((

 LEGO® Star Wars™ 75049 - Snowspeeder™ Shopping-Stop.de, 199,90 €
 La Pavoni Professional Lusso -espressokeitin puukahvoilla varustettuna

))
((

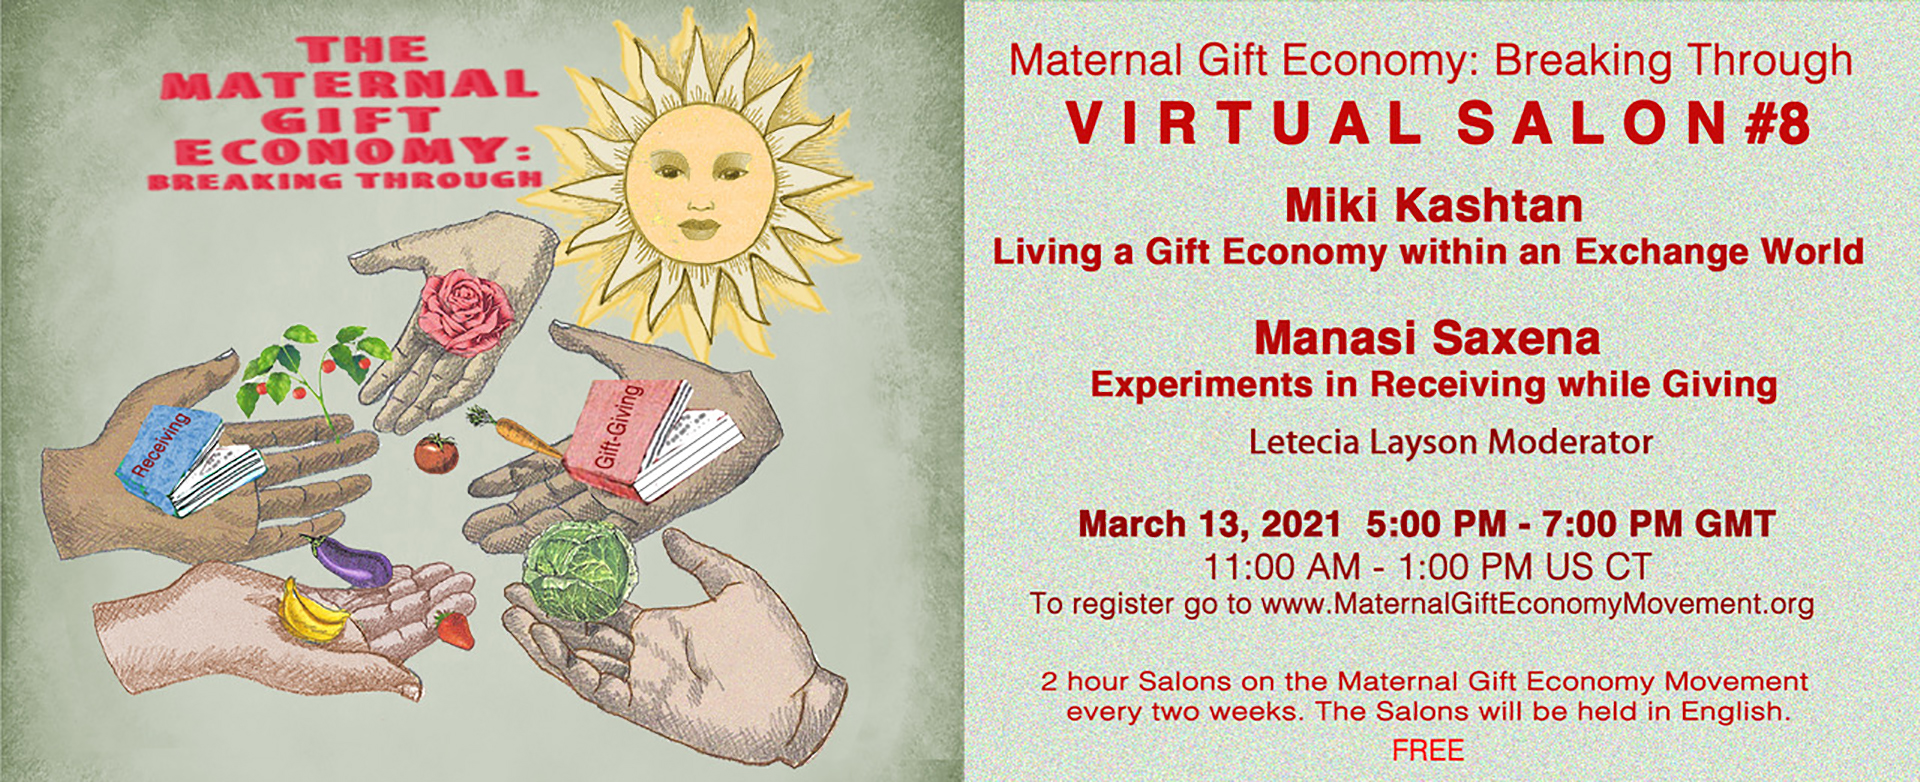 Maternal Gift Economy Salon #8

))
((

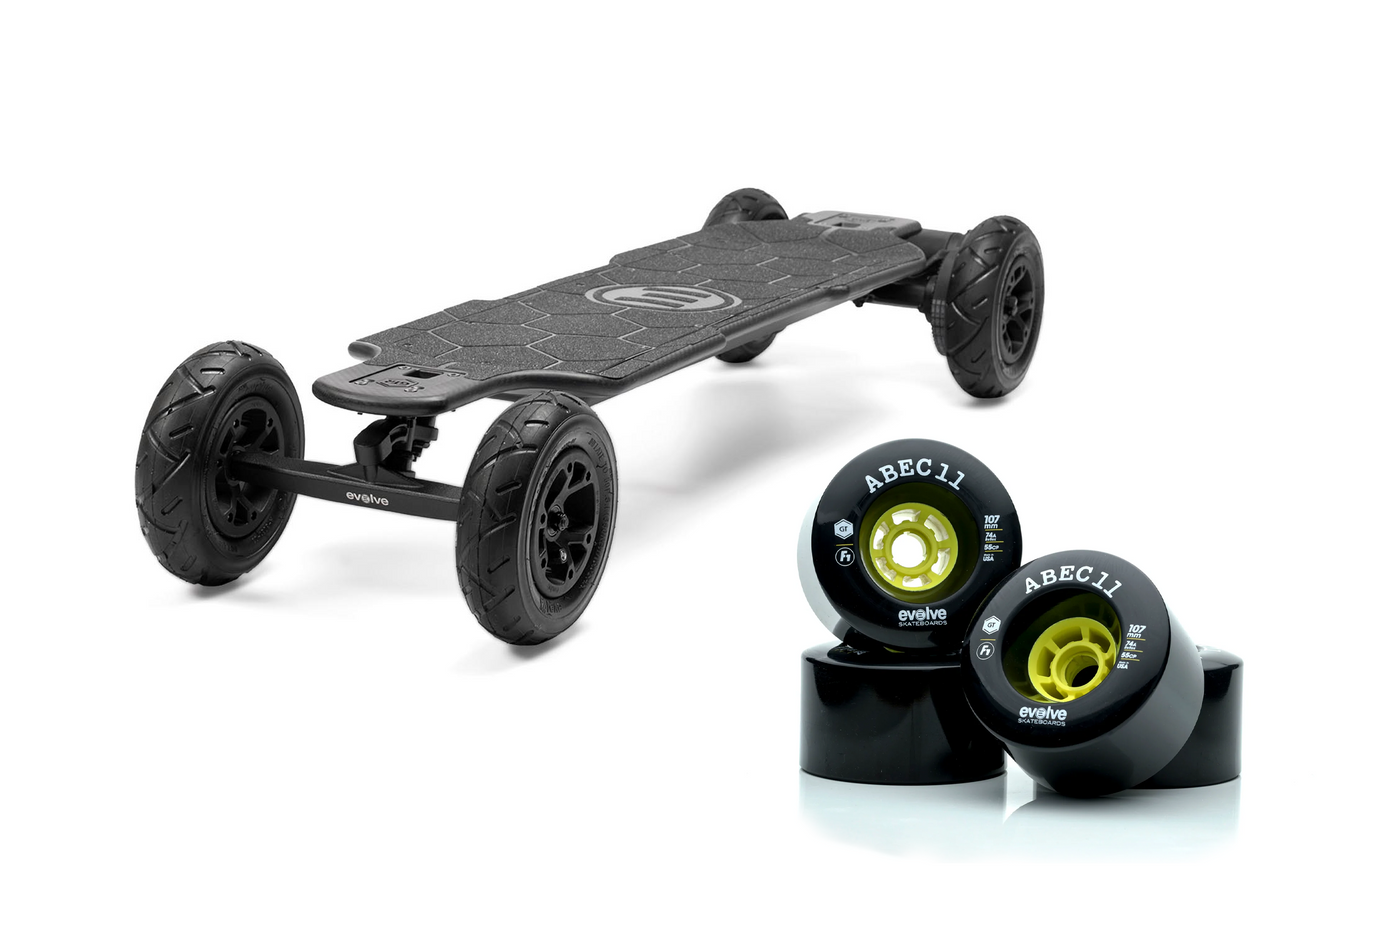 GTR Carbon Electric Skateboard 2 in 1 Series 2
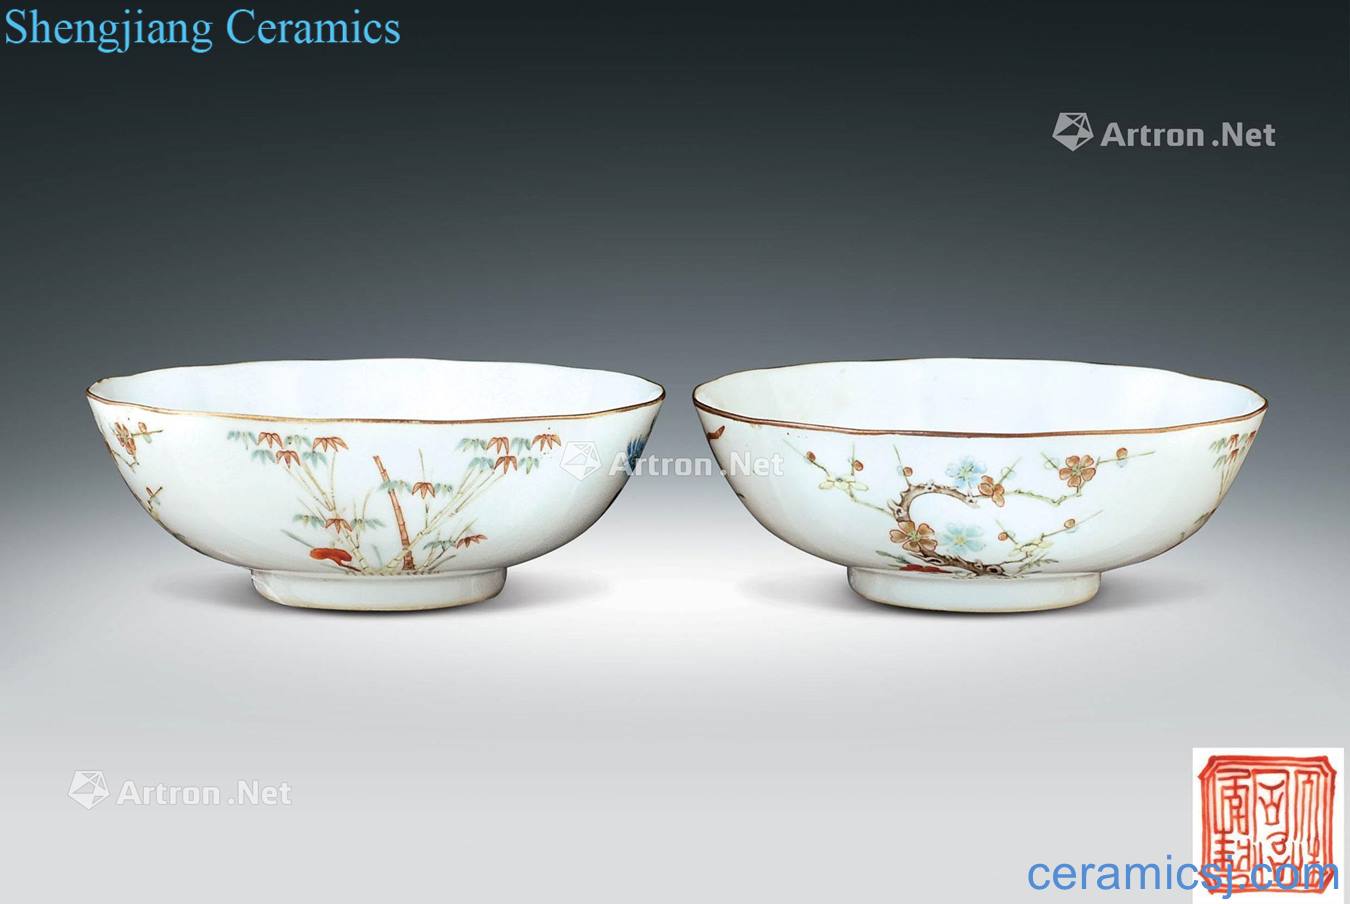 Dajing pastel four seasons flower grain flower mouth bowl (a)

))

Copy out exactly the lines above beginning with the line that contains "GTR Carbon Electric" and finishing with the line that contains "Dajing pastel four", including both; leave the pictures out.

 GTR Carbon Electric Skateboard 2 in 1 Series 2
 Dajing pastel four seasons flower grain flower mouth bowl (a)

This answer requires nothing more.